Dumb Ass Stupid Management: Compensate This
I feel if someone creates a company, they deserve to make as much money as they choose from the organization. Thus, people such as Hewlett and Packard, Jobs and Wozniak, Fred Smith, Jeff Bezos, Henry Ford, Joe Gebbia and Brian Chesky and Nathan Blecharczyk—all of them took great risks and exhibited great talent and smarts to launch their firms. (In case you don’t read: HP, Apple, FedEx, Amazon, Ford, Airbnb.) They should pay all appropriate taxes under whatever the current tax codes are, but they’re entitled to the fruits of their creations.
However, I don’t believe hired CEOs deserve astronomical sums. The Times, today, has an article on people being paid over $30 million—at least three well over $100 million—and are heading up giant money losers, pandemic or no pandemic. (Boeing’s 737 Max problems are not pandemic-related, for example.)
The reason I feel this way is that, no matter what the company, you can find someone at $10 million who can run it just as well or better than the current person at ten times that. (Fill in your own salary estimates.) The shareholders, employees, and customers are all paying for this excess compensation.

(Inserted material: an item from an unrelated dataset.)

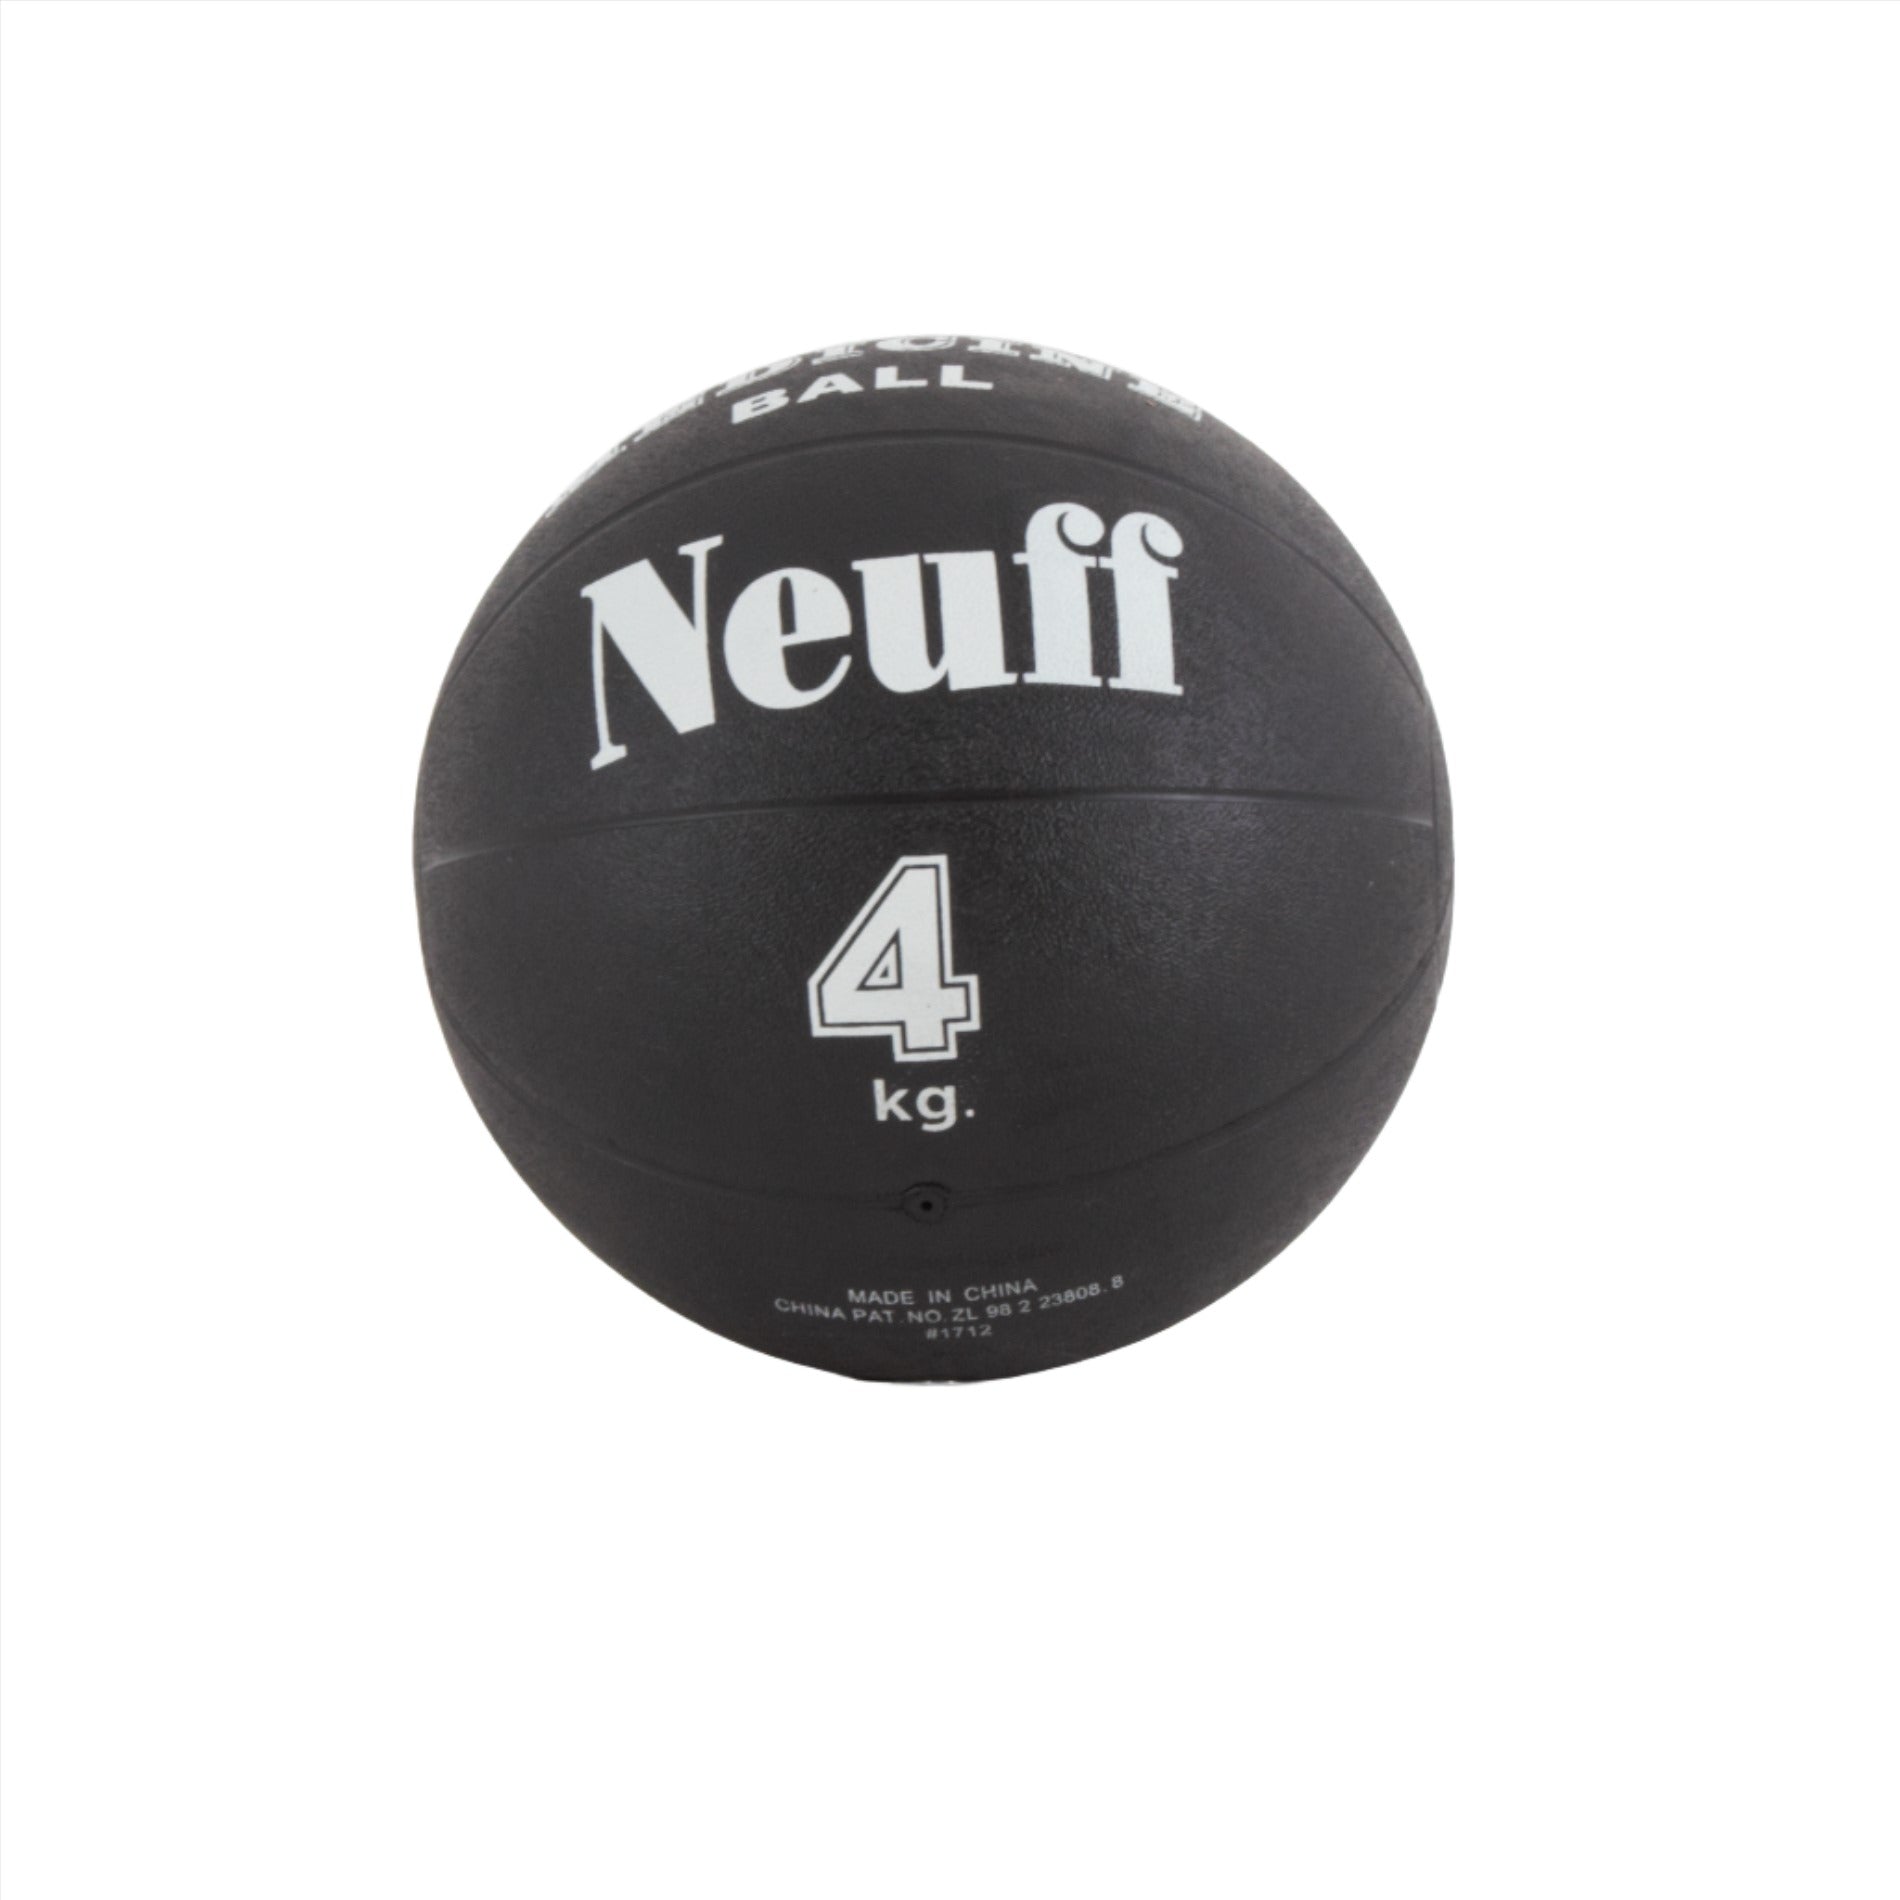 Neuff medicine ball - 4kg

In 2019, Sundar Pichai, CEO of Google’s parent, Alphabet, received $280 million in total compensation. If you calculate his contributions to shareholder return at the time, the non-profit company As You Sow calculated that 95% of his salary was excessive. (Source: https://www.fastcompany.com/90608055/these-are-the-countrys-100-most-overpaid-ceos)
You want to invent an electric fork and make a fortune, that’s fine with me. But if you’re a subsequent CEO of that company hired for the job, don’t stick that fork in your investors, employees, or customers.